AMRQ Archivo de Prensa Histórica.

El 19 de septiembre de 1920, domingo de feria, salía a la luz pública un nuevo semanario: La Voz de Requena. La fecha no era casual, al fin y al cabo durante esas jornadas de final del verano, la ciudad estaba repleta de requenenses ausentes que pronto terminarían sus vacaciones estivales.

Como significación ideológica, el periódico se denominó “semanario anticaciquista”, manteniendo este lema durante todos sus años de edición, siendo el más longevo de cuantos se han impreso en Requena hasta ahora, ya que alcanzó, al menos, 592 números (27-XII-1931).

El concepto de caciquismo, tan enraizado en la política española, se había incorporado en 1884 al Diccionario de la Real Academia con dos acepciones:

- Dominación o influencia del cacique de un pueblo o comarca.

- Intromisión abusiva de una persona o una autoridad en determinados asuntos, valiéndose de su poder o influencia.

Venía a ser un cierto clientelismo político en el que las autoridades locales, fueran del signo que fueran, estaban presionadas por elementos que, participando o no de la política activa, dominaban los estamentos de poder por influencia y dinero. En el primer número, La Voz incluyó una editorial titulada ¿Nuestros propósitos? y el artículo El cacique. La editorial expresaba, entre otras, esta idea:

El predominio del caciquismo, equivale al sostenimiento, allí donde reina, de toda inmoralidad y bajeza, a la perpetuación del servilismo más grotesco y denigrante.
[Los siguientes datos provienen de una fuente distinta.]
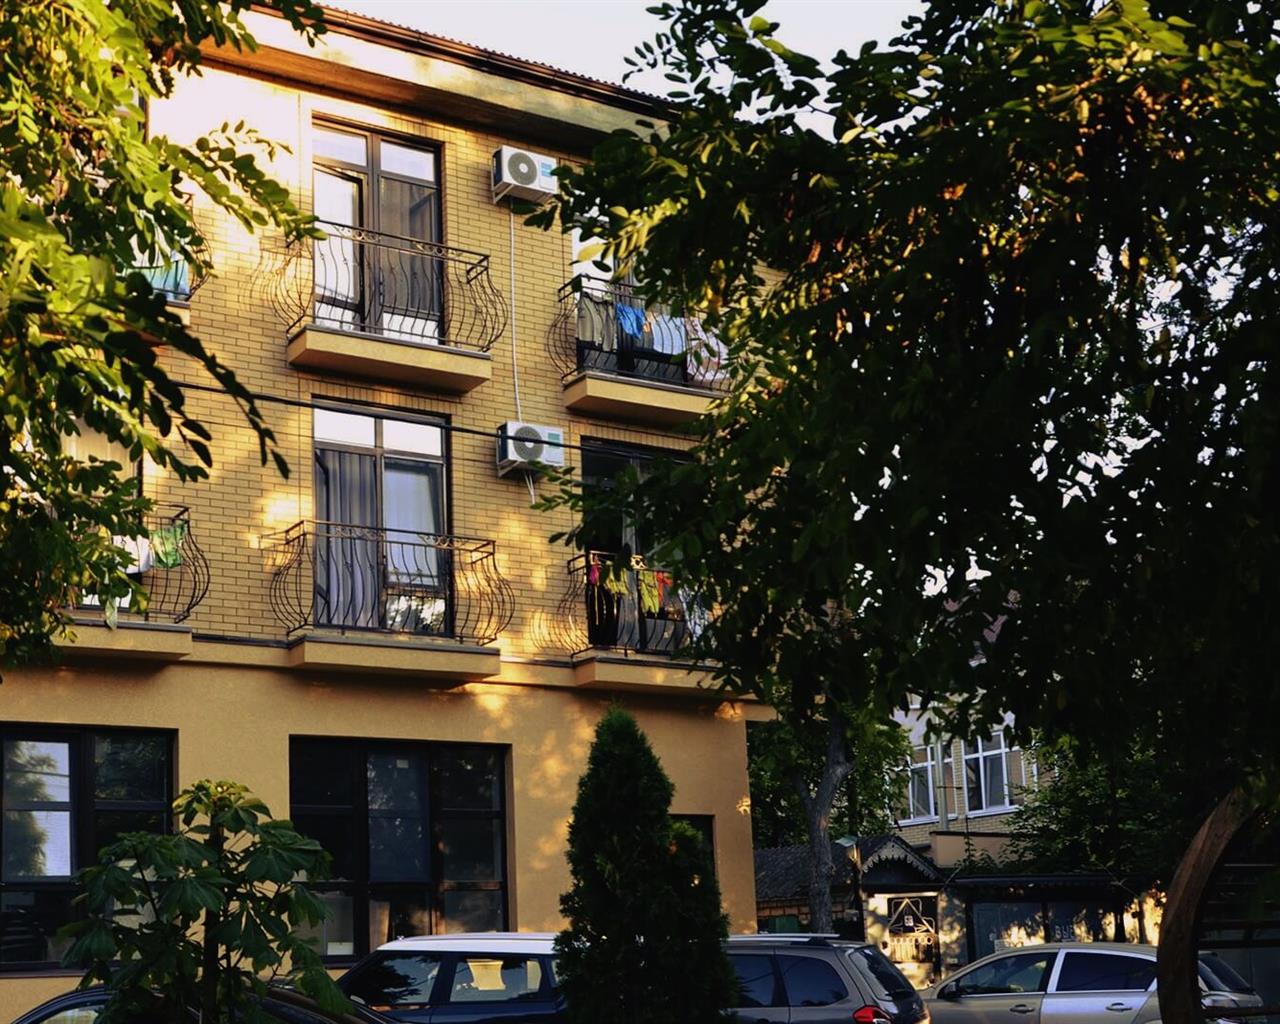 КОНТИНЕНТАЛЬ Гостевой дом — GREEN DOORS MINI HOTELS

Próximas a su fecha de salida se avecinaban elecciones a Cortes y municipales en que La Voz tomó partido por una coalición independiente de amantes de Requena, calificada como “liberal independiente” cuyo ideario se resumía así en el nº 2:

El partido netamente republicano es un esqueleto, el liberal está en crisis honda, el conservador necesita renovarse, así es que sólo una gran conjunción de hombres abnegados reformistas que tenga por lema “todo por Requena y para Requena”, podrá salvar a esta noble ciudad de la postración…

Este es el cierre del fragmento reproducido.